Dark Chocolate Chip Cookies Recipe:
Real dark chocolate cookie loaded with Chocó-chips baked at home.
How do you like your chocolate cookies, dark, extra dark or mild?? I prefer a nice dark chocolate cookies that’s not too too sweet. Sweetness is the catch which often makes it difficult to find me my perfect bite. No complains anymore for I can make some of them myself in my kitchen with just the right amount of cocoa and sugar. Yes, I did make some nice dark, not too dark, chocolate chip cookies without over the top sweetness at the convenience of my home. Here goes the recipe, do give it a try and the best part, add or reduce cocoa and sugar to make yourself the cookies that you love.

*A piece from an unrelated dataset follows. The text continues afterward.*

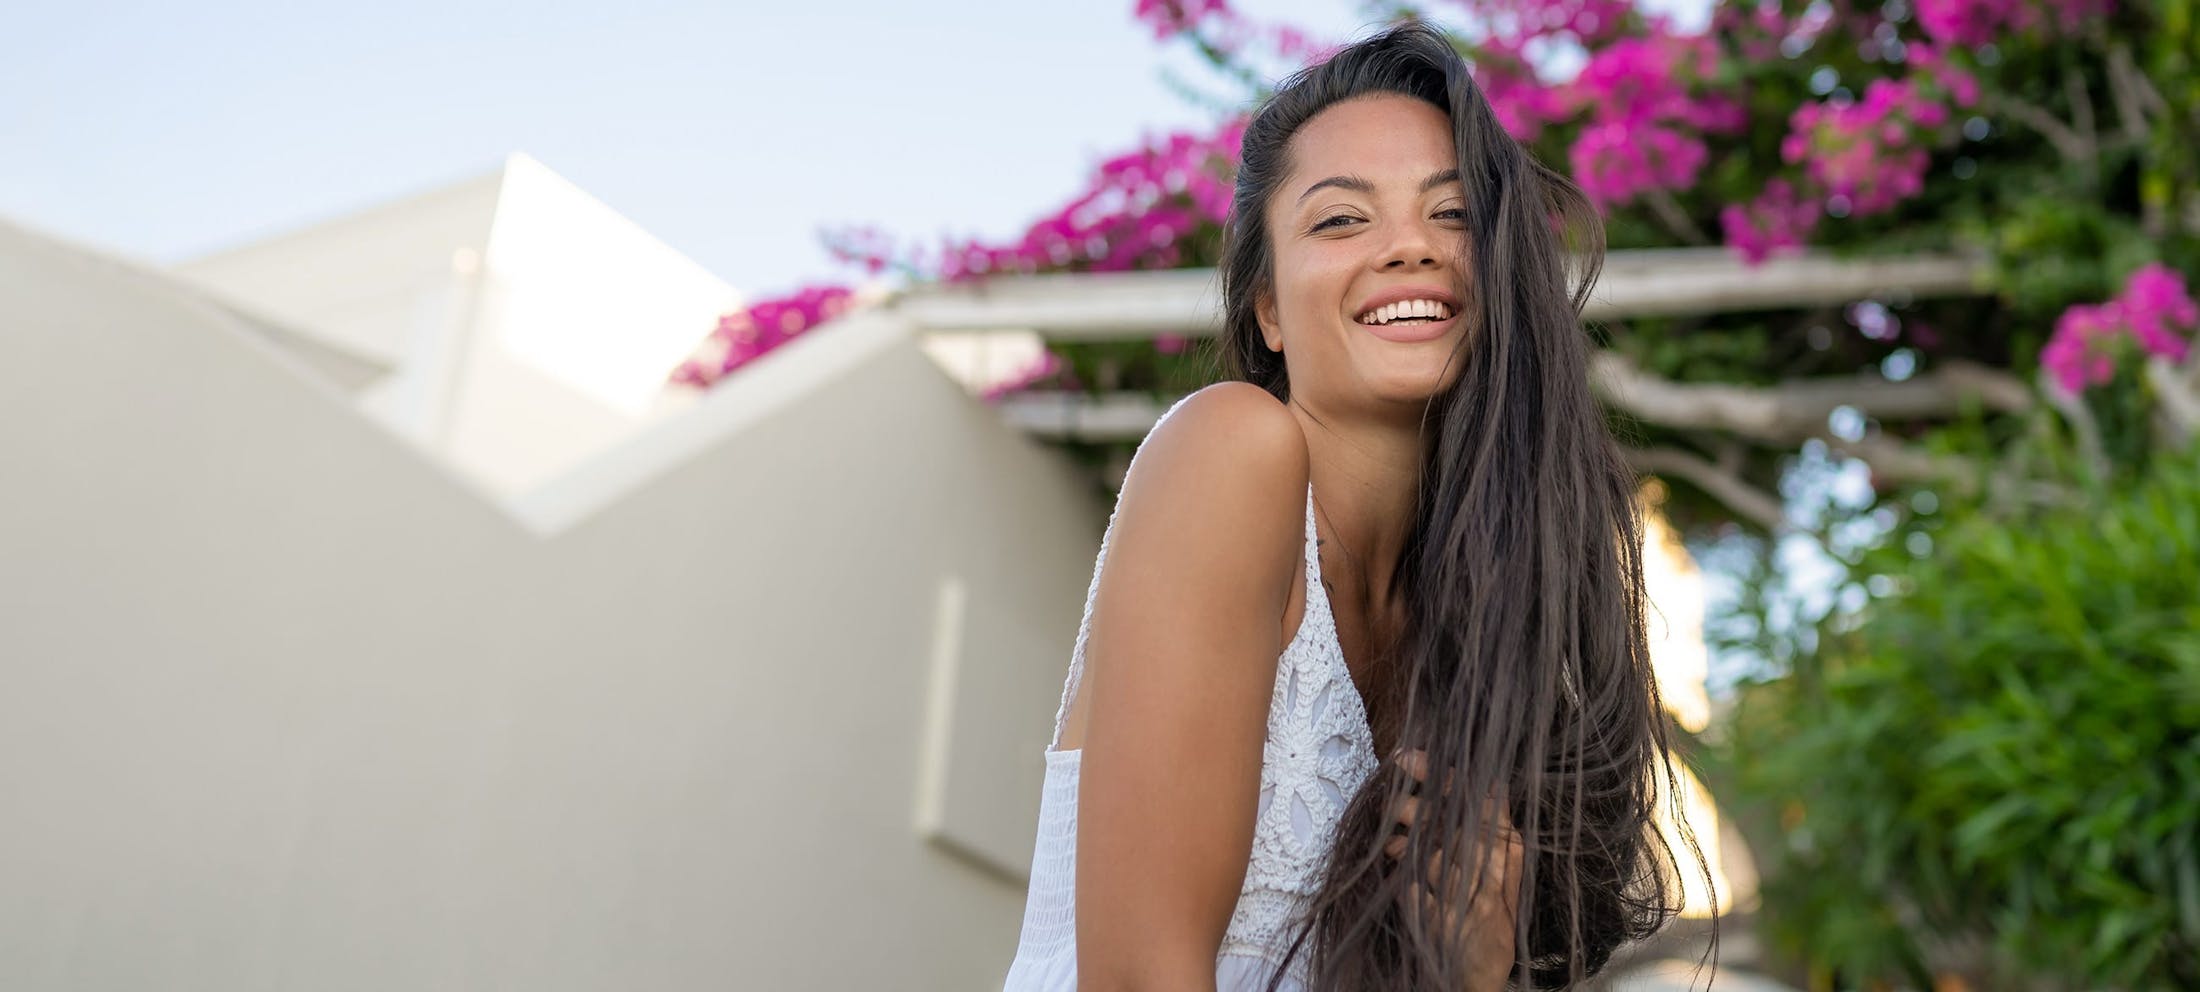 Woman with long dark hair outside smiling

Ingredients (Makes a stack of 20 cookies):
- 1and ¼ cup all purpose flour
- ½ cup cocoa powder
- ½ cup soft chilled unsalted butter
- ½ teaspoon salt
- ½ teaspoon baking soda
- 1 large egg white
- 2 tablespoon while crystal sugar
- 2 tablespoon light brown crystal sugar
- 4 tablespoon ice water
- ½ cup chocolate chips
- ½ tablespoon castor or icing sugar approx, to sprinkle on top, optional
- In bowl whip together the brown and white sugar with the egg white. Use your electric blender or a fork but whip till all the sugar is dissolved and a thick creamy texture is formed.
- Then add the softened butter and whip for another 5 minutes.
- In separate bowl mix flour, salt, baking soda and cocoa powder together and make space in the centre and pour the egg-sugar-butter mixture.
- Fold in the flour and make crumbly soft dough, add a tablespoon of ice water at a time and further knead into soft and supple dough. Do not worry it would remain loose and not bind like regular dough, but that’s fine.
- Now spread aluminium foil or cling film on your work surface and place the dough over it forming it into a round log of the diameter that you want your cookies. Carefully wrap the foil or film all around it and tightly twist the ends.
- Refrigerate the log till firm, approx 2-3 hours.
- Preheat oven at 180O and line the baking tray with butter paper.
- Use a sharp knife and slice the log into thin equal size cookies, approx 1 cm each.
- Place the cookies on the baking tray about an inch apart, now cover up the surface of each cookie with chocolate chips and gently dab with your palm.
- Sprinkle a pinch of castor or icing sugar over each cookie and bake at 170o for 20 minutes till the edges of the cookies pop. Let it rest for 5 minutes and remove from the oven and allow cooling down to room temperature. Keep in an airtight container and enjoy for a week to 10 days.
Dos and Don’ts:
- Reiterating – add or reduce cocoa and sugar quantities to suit your taste.
- You may even refrigerate the dough log overnight.
- Do not knead into tight proper dough, keep it loose.
- Do not try to cut into slices unless the dough log is absolutely firm, else it will crumble away. In case you’ve reach there anyway, just knead, roll, wrap and regrigrate again till real firm this time.